■ **SOURCE MATERIAL**
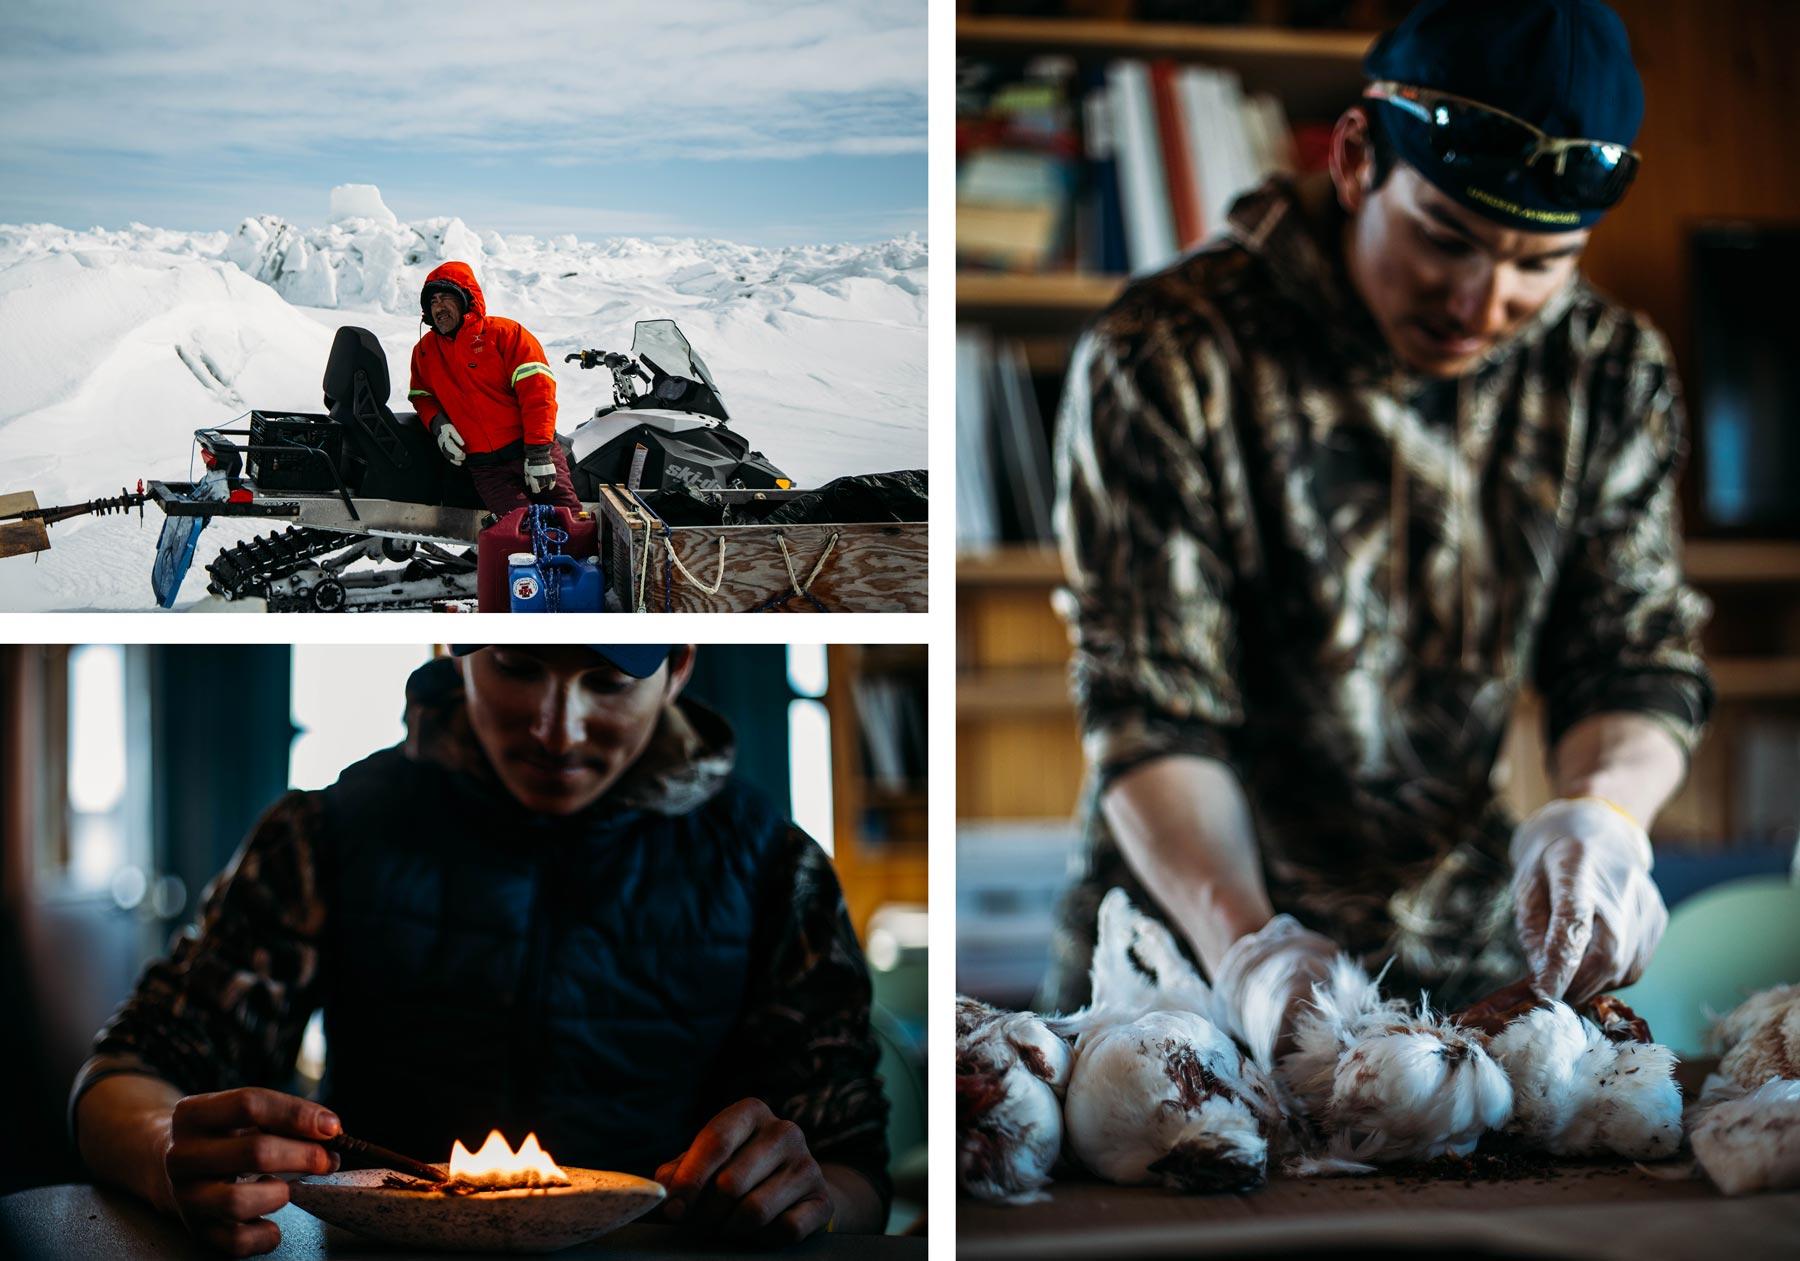 histoire et culture Inuite du Nunavik
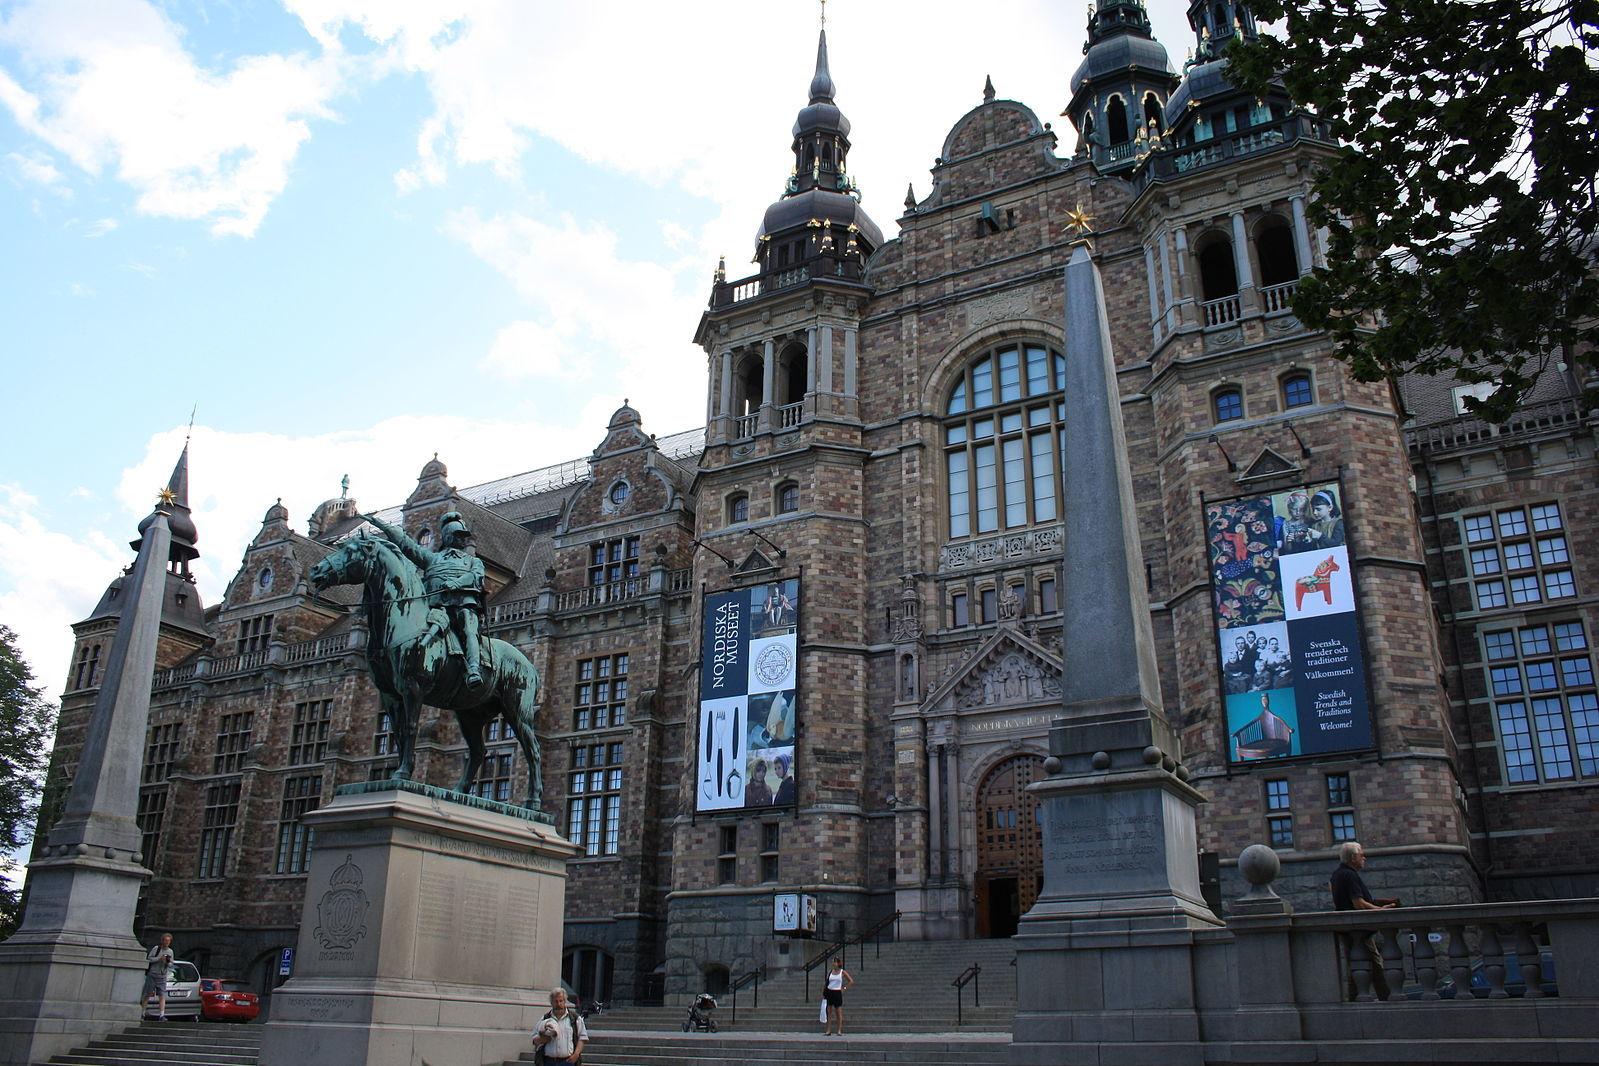 The Nordic Museum (Nordiska Museet)
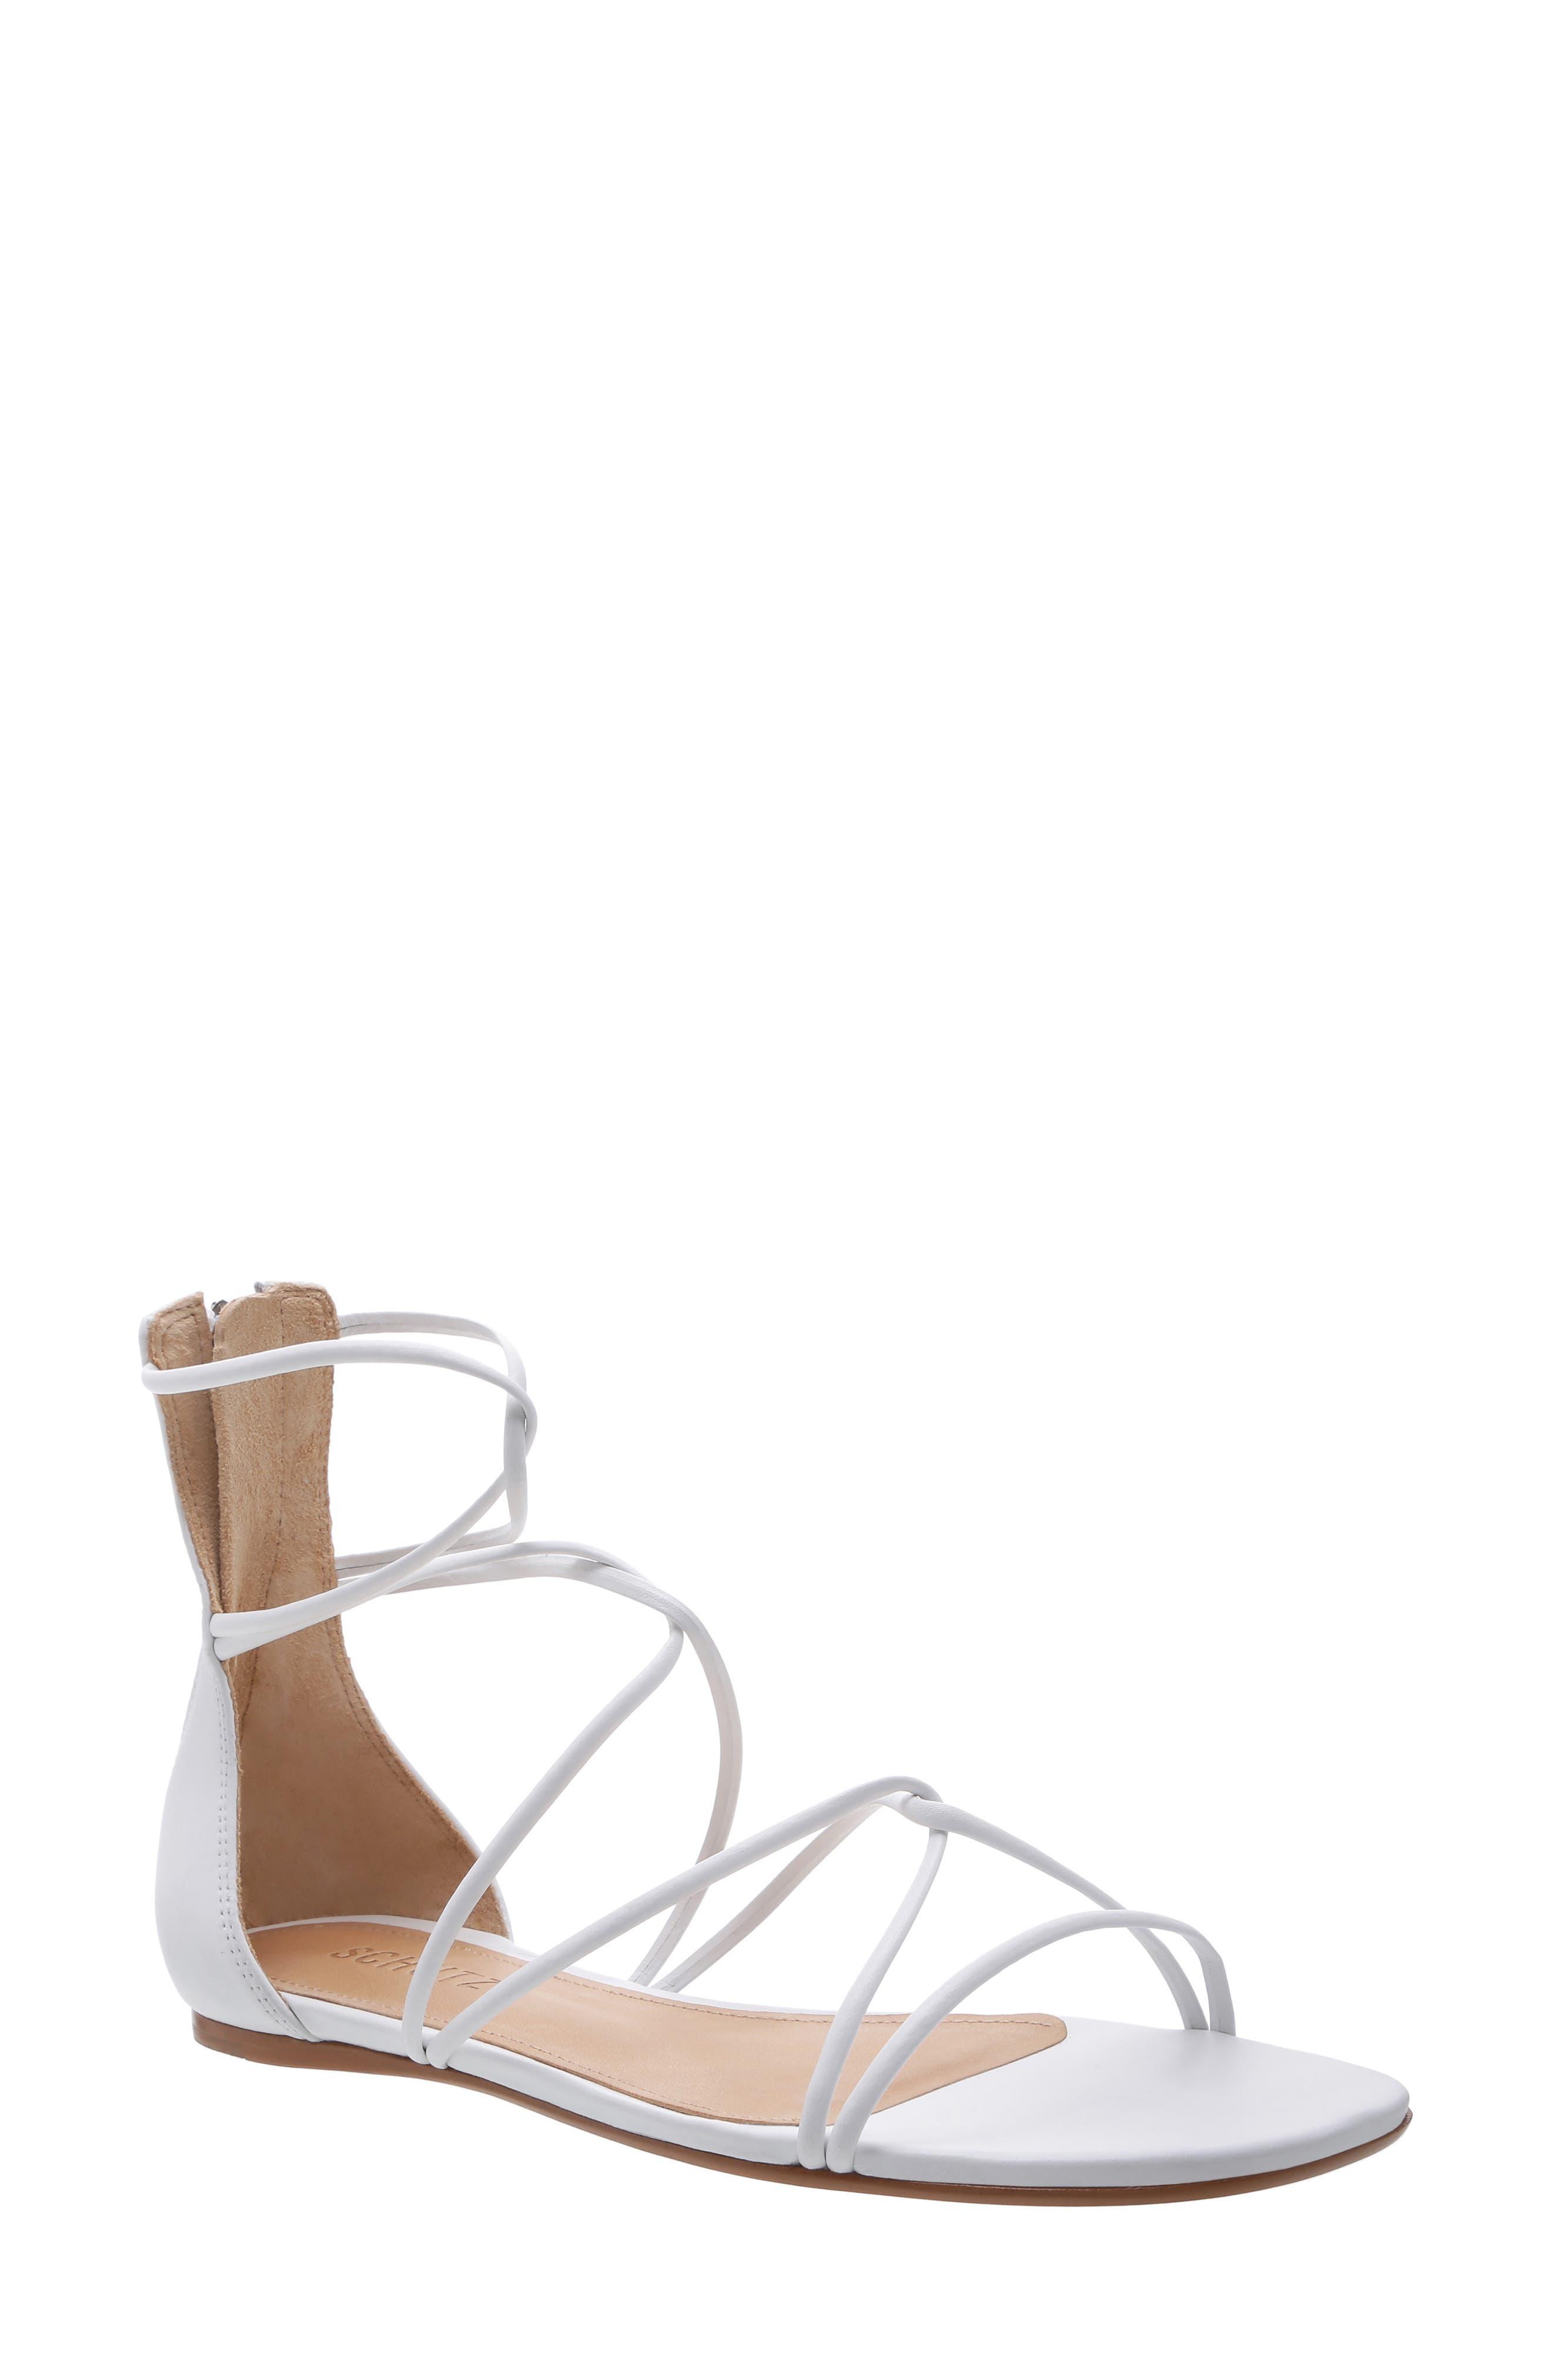 Schutz Fabia Strappy Sandal, White

■ **PROBLEM TO SOLVE**
Retype all the data exactly, please, without pictures.

■ **RESPONSE AREA**
 histoire et culture Inuite du Nunavik
 The Nordic Museum (Nordiska Museet)
 Schutz Fabia Strappy Sandal, White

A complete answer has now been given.